Directions for this task: Beginning with the line that contains "Stoisko nasze na" and ending with the line that contains "American Tourister Segno", reproduce the lines of the entries below exactly, omitting pictures.

Data:

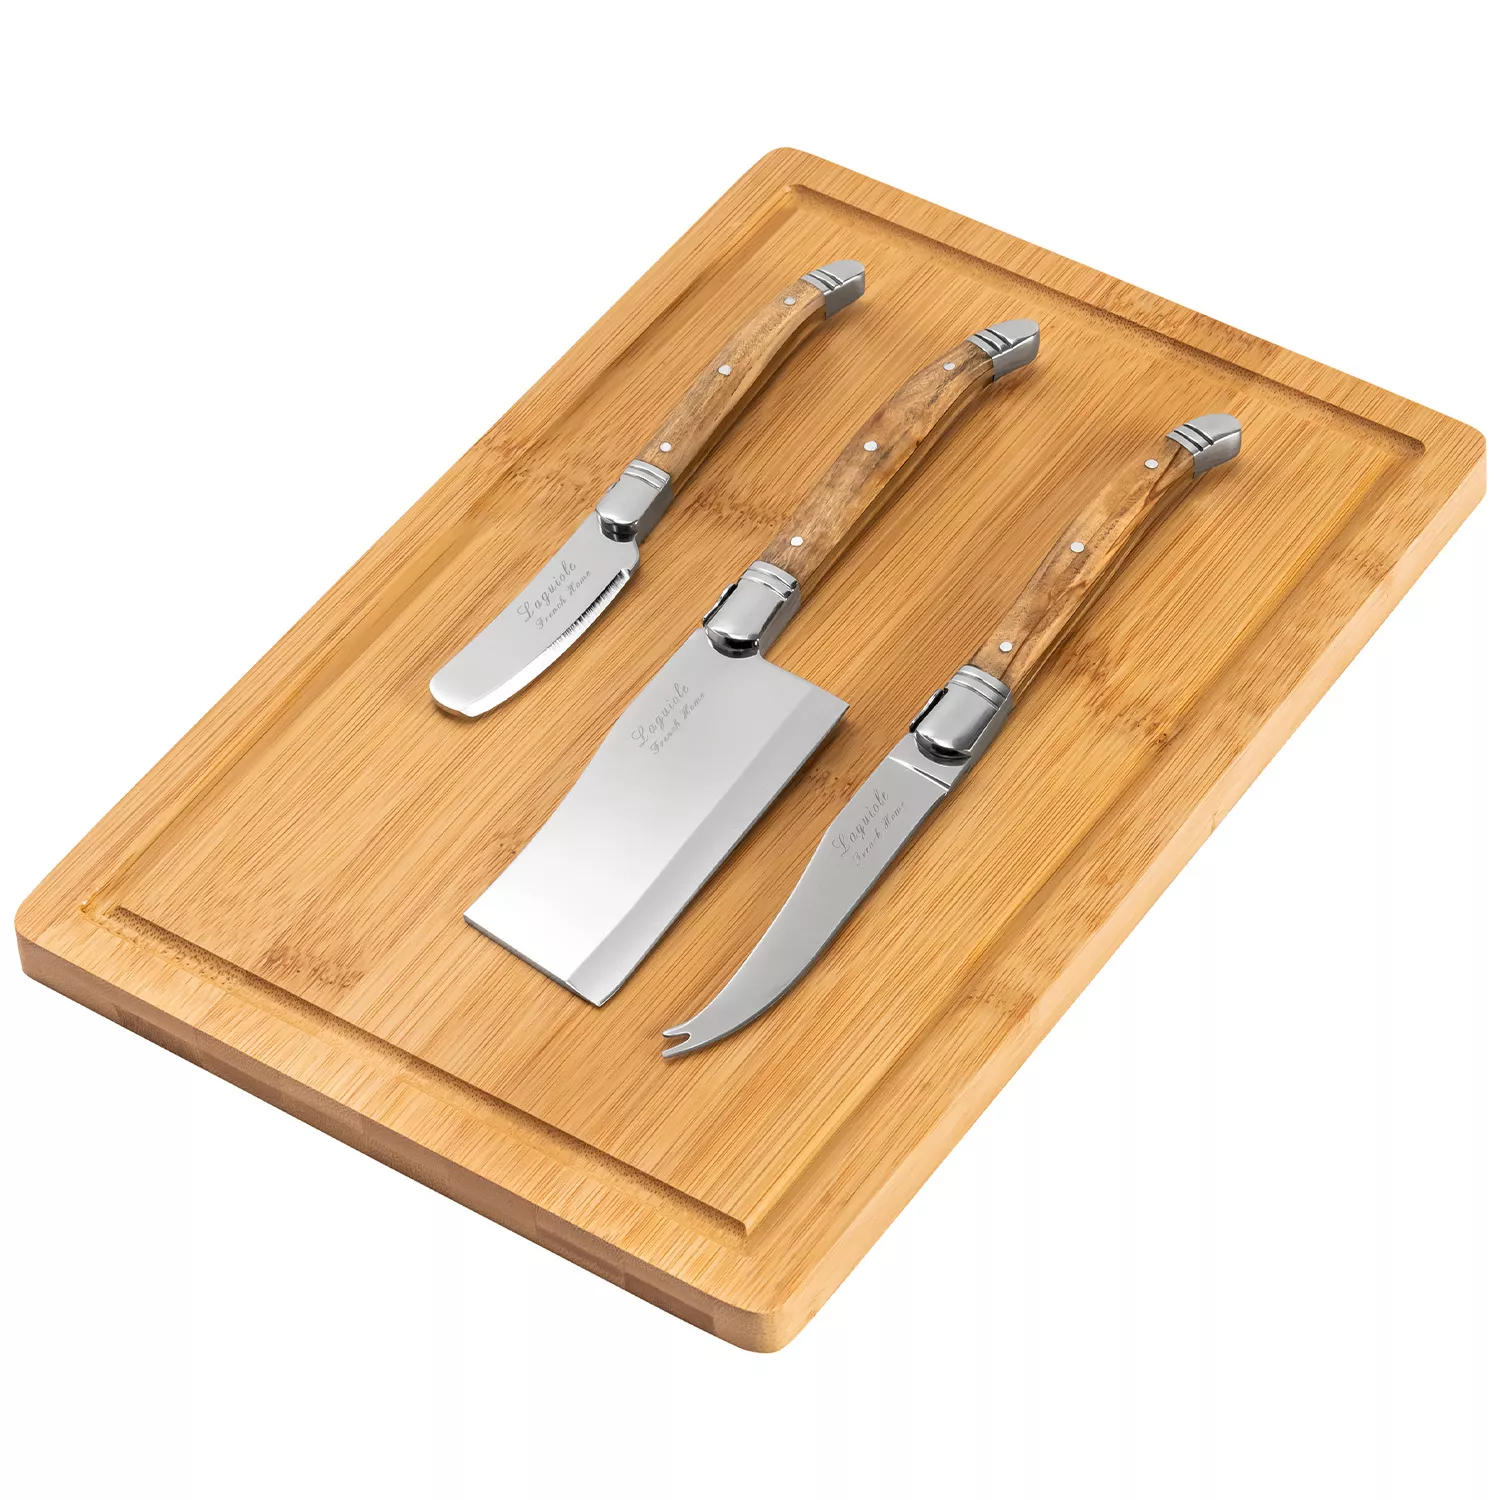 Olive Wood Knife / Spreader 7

--

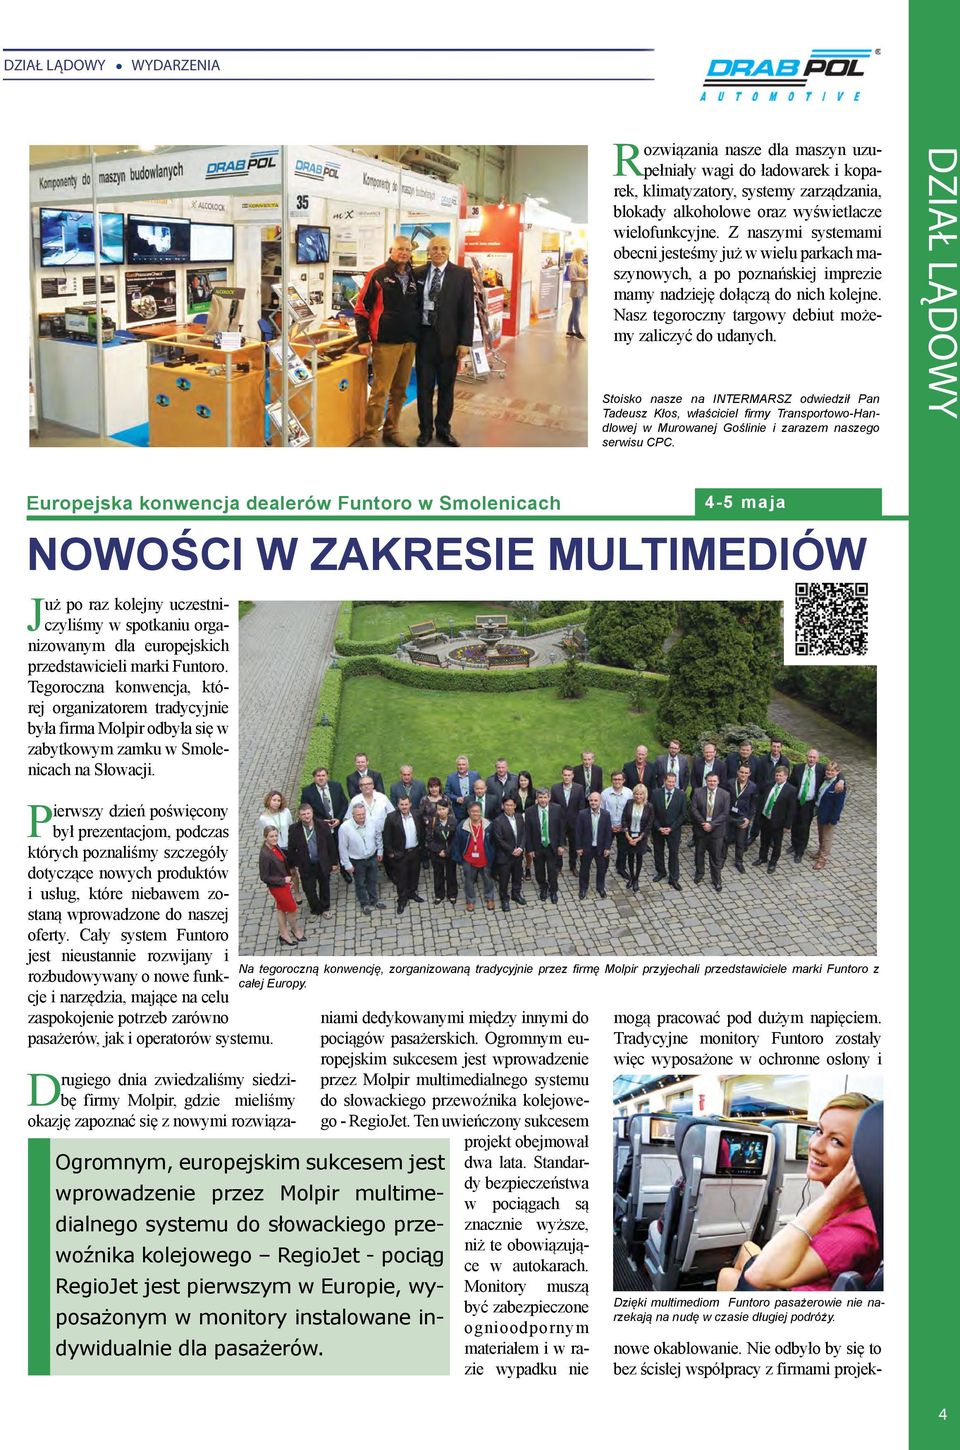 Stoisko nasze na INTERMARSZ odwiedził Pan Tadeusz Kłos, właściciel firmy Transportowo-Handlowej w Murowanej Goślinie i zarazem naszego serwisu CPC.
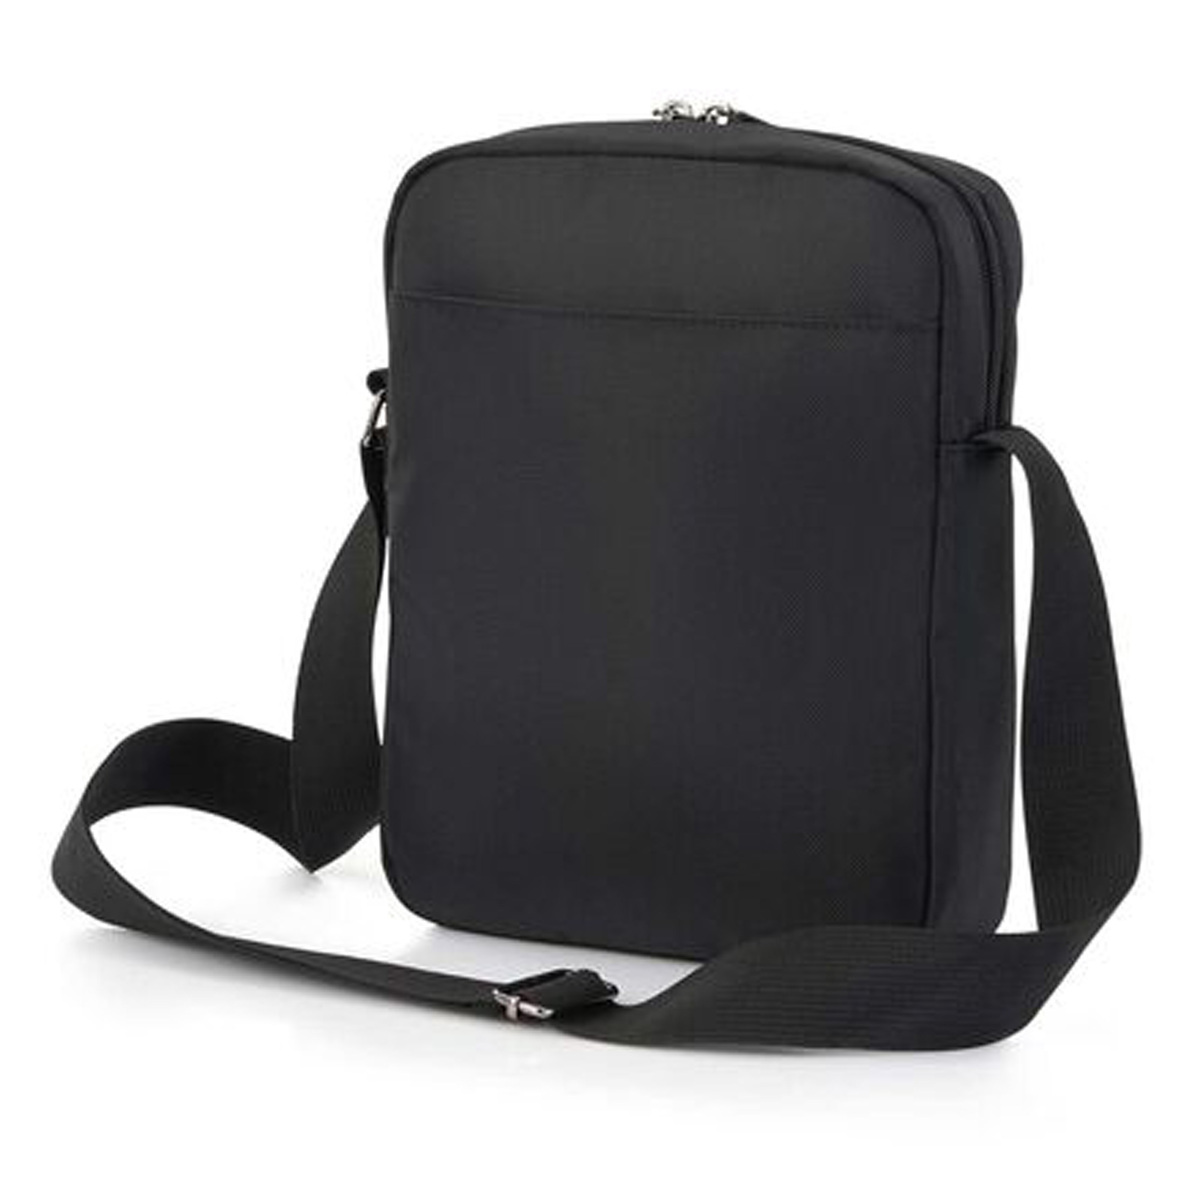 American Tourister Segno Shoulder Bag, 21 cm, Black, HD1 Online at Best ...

* * *

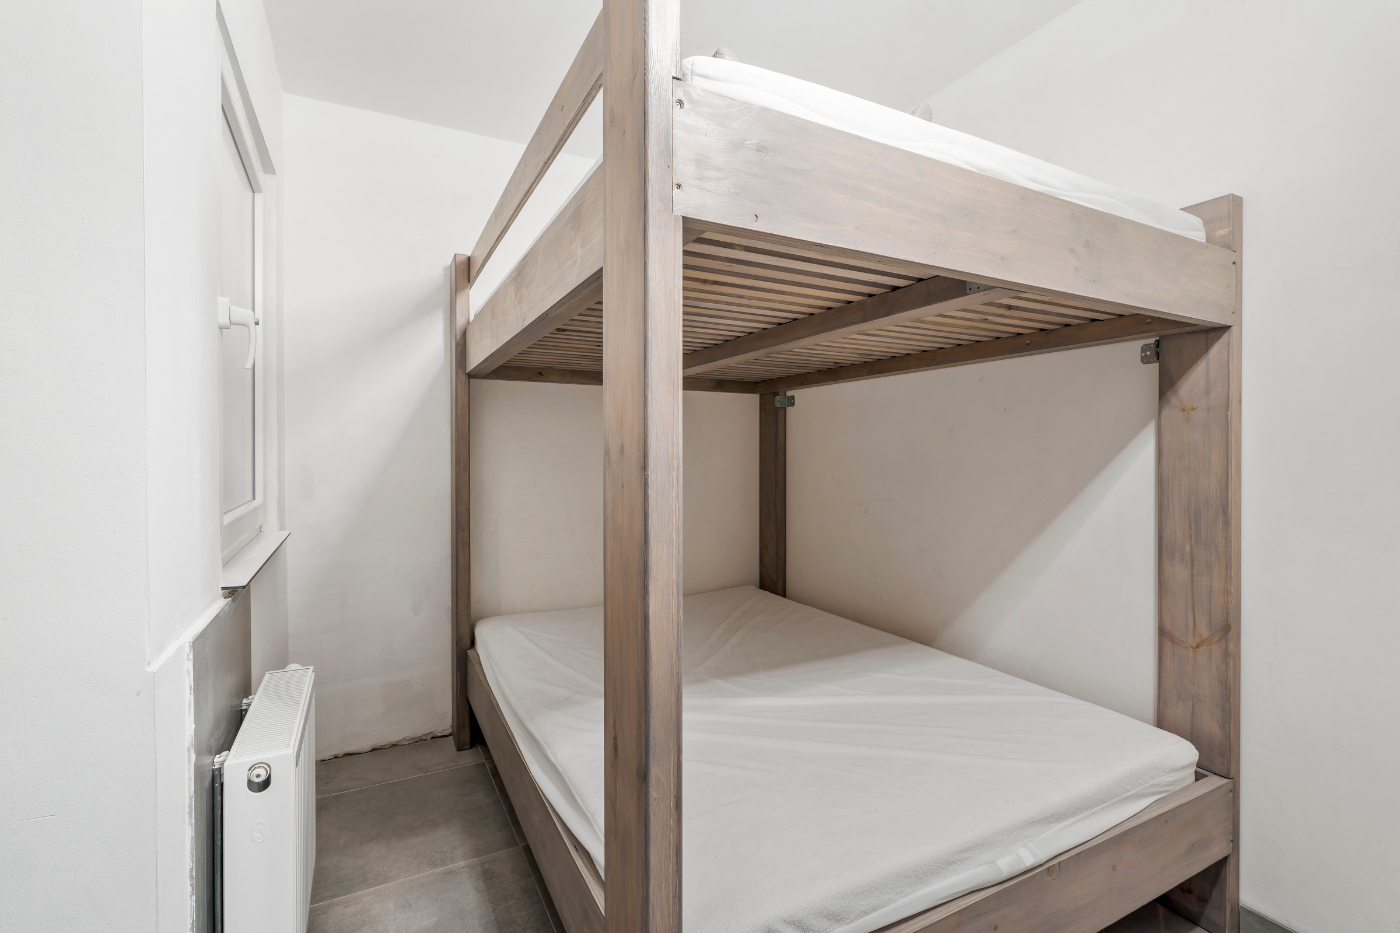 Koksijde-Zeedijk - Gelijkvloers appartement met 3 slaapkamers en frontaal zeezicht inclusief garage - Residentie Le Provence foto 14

Problem solution:
 Stoisko nasze na INTERMARSZ odwiedził Pan Tadeusz Kłos, właściciel firmy Transportowo-Handlowej w Murowanej Goślinie i zarazem naszego serwisu CPC.
 American Tourister Segno Shoulder Bag, 21 cm, Black, HD1 Online at Best ...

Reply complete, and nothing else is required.